- DATA SECTION -
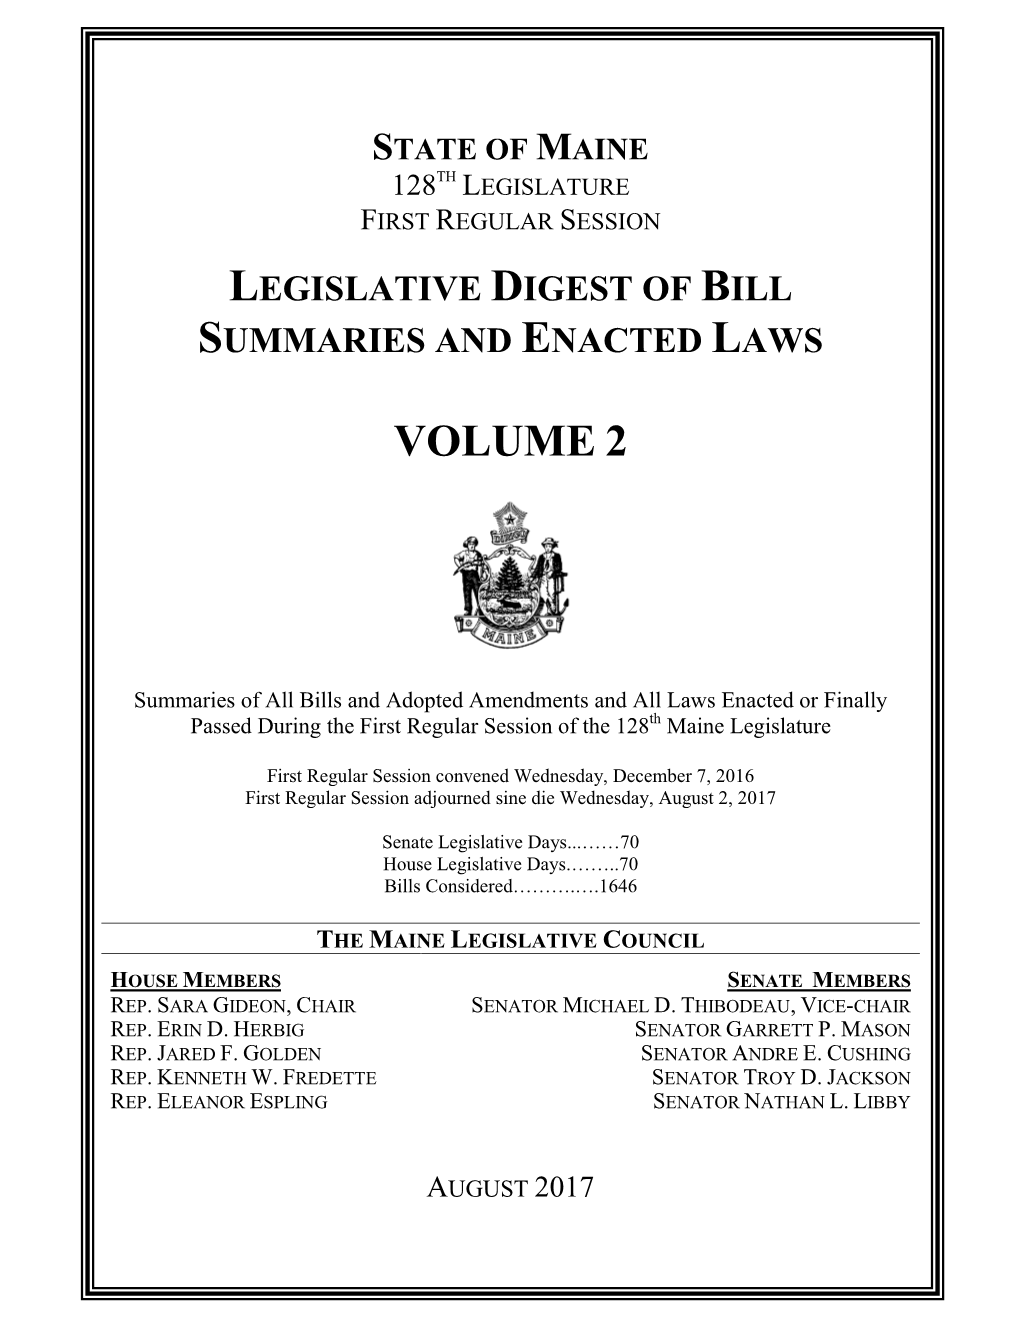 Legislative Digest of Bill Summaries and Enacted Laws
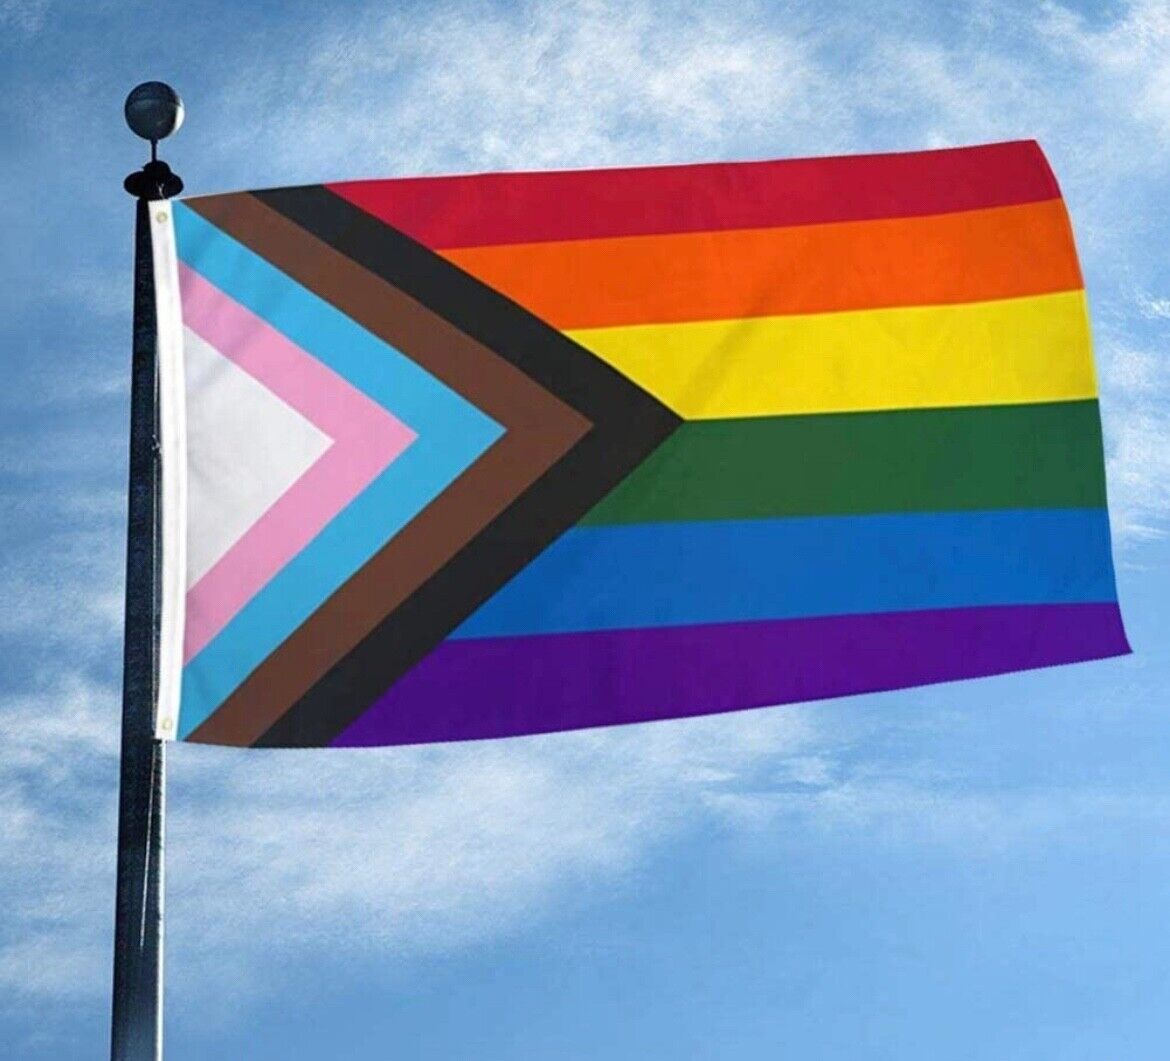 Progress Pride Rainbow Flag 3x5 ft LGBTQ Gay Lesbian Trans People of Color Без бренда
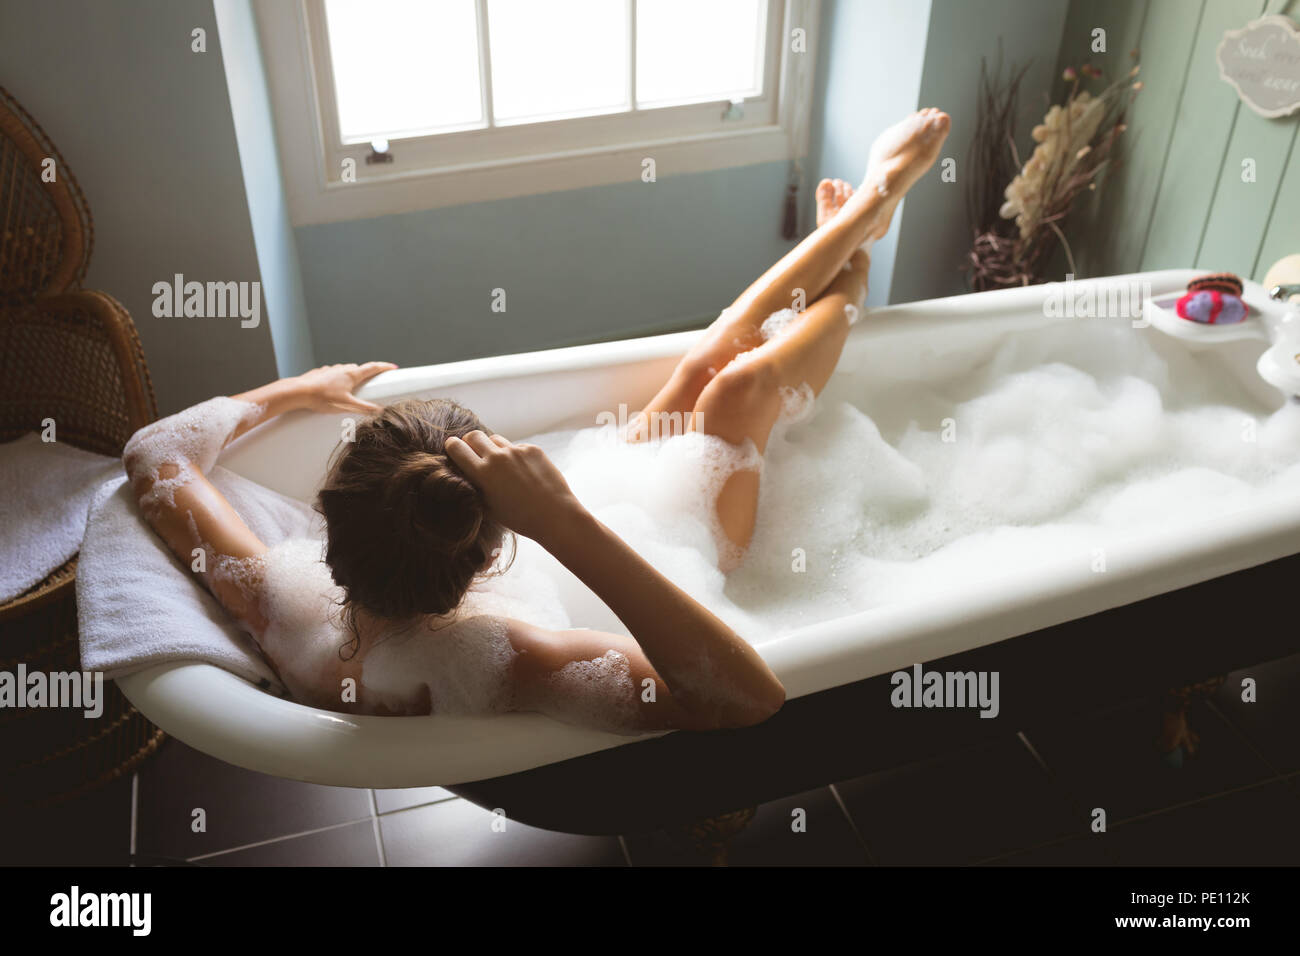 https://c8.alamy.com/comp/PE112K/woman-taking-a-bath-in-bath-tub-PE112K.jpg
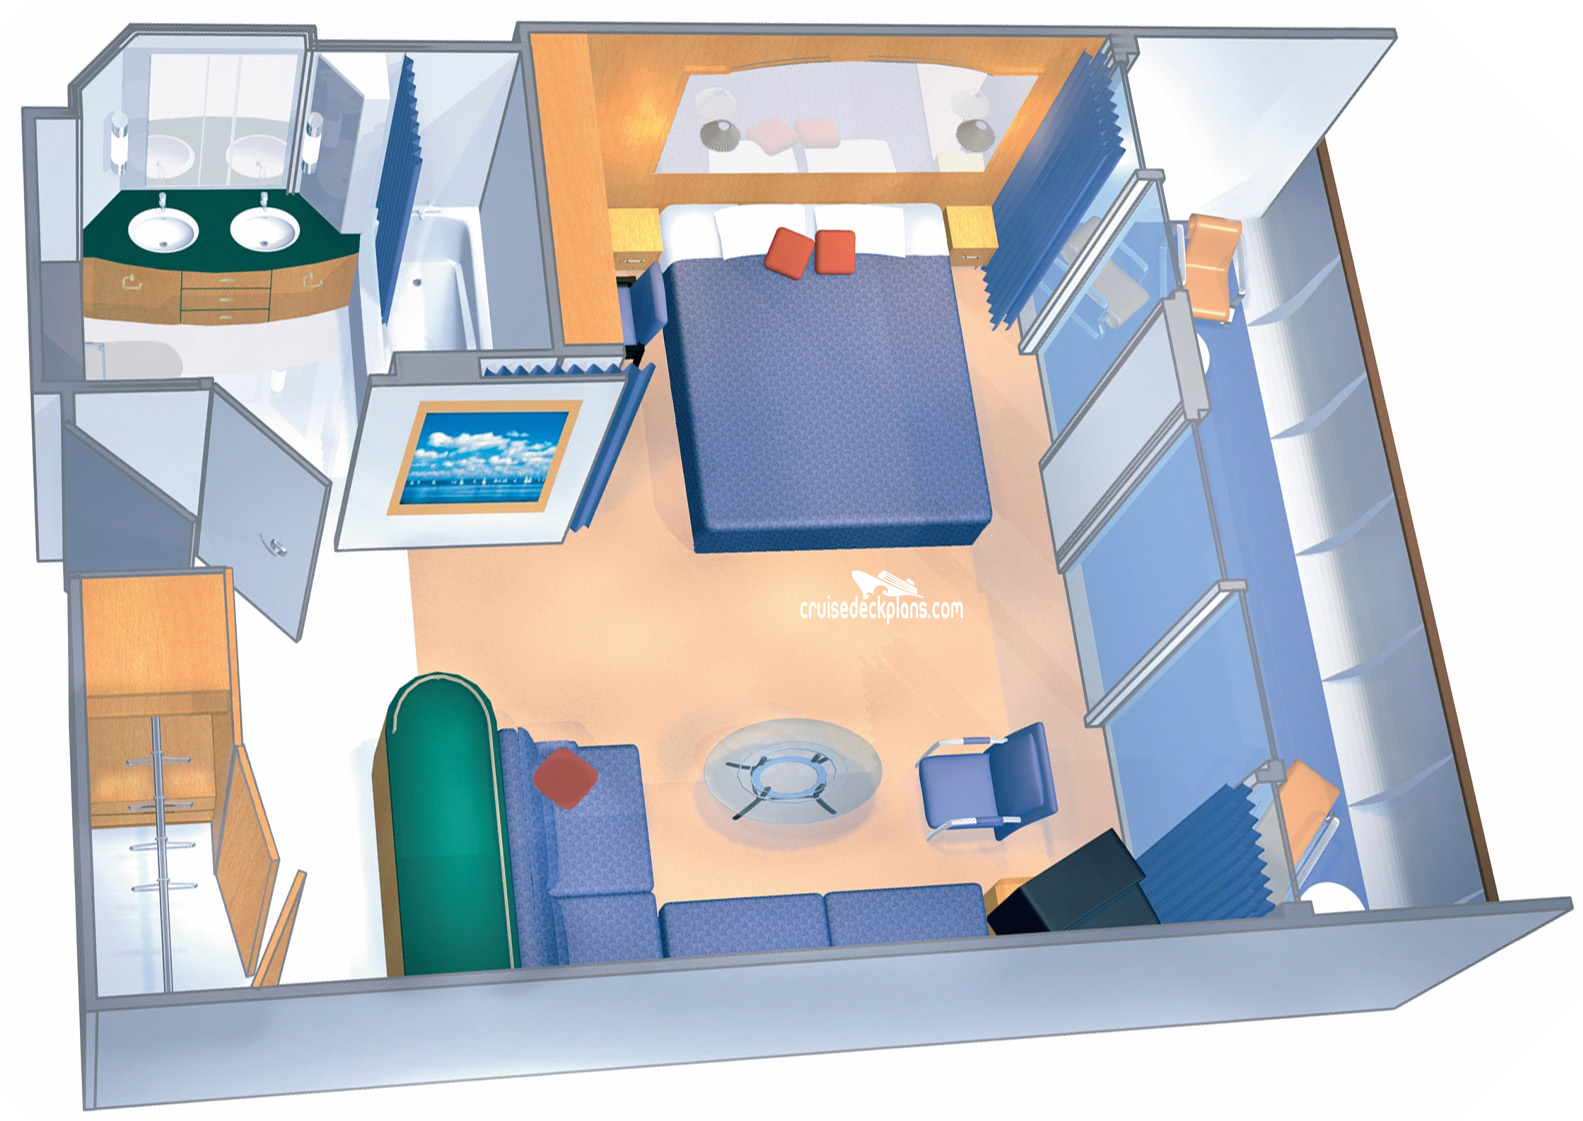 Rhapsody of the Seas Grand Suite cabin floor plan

- AIM OF THE TASK -
Output all data exactly, omitting images.

- OUTPUT OF THE EXERCISE -
 Legislative Digest of Bill Summaries and Enacted Laws
 Progress Pride Rainbow Flag 3x5 ft LGBTQ Gay Lesbian Trans People of Color Без бренда
 https://c8.alamy.com/comp/PE112K/woman-taking-a-bath-in-bath-tub-PE112K.jpg
 Rhapsody of the Seas Grand Suite cabin floor plan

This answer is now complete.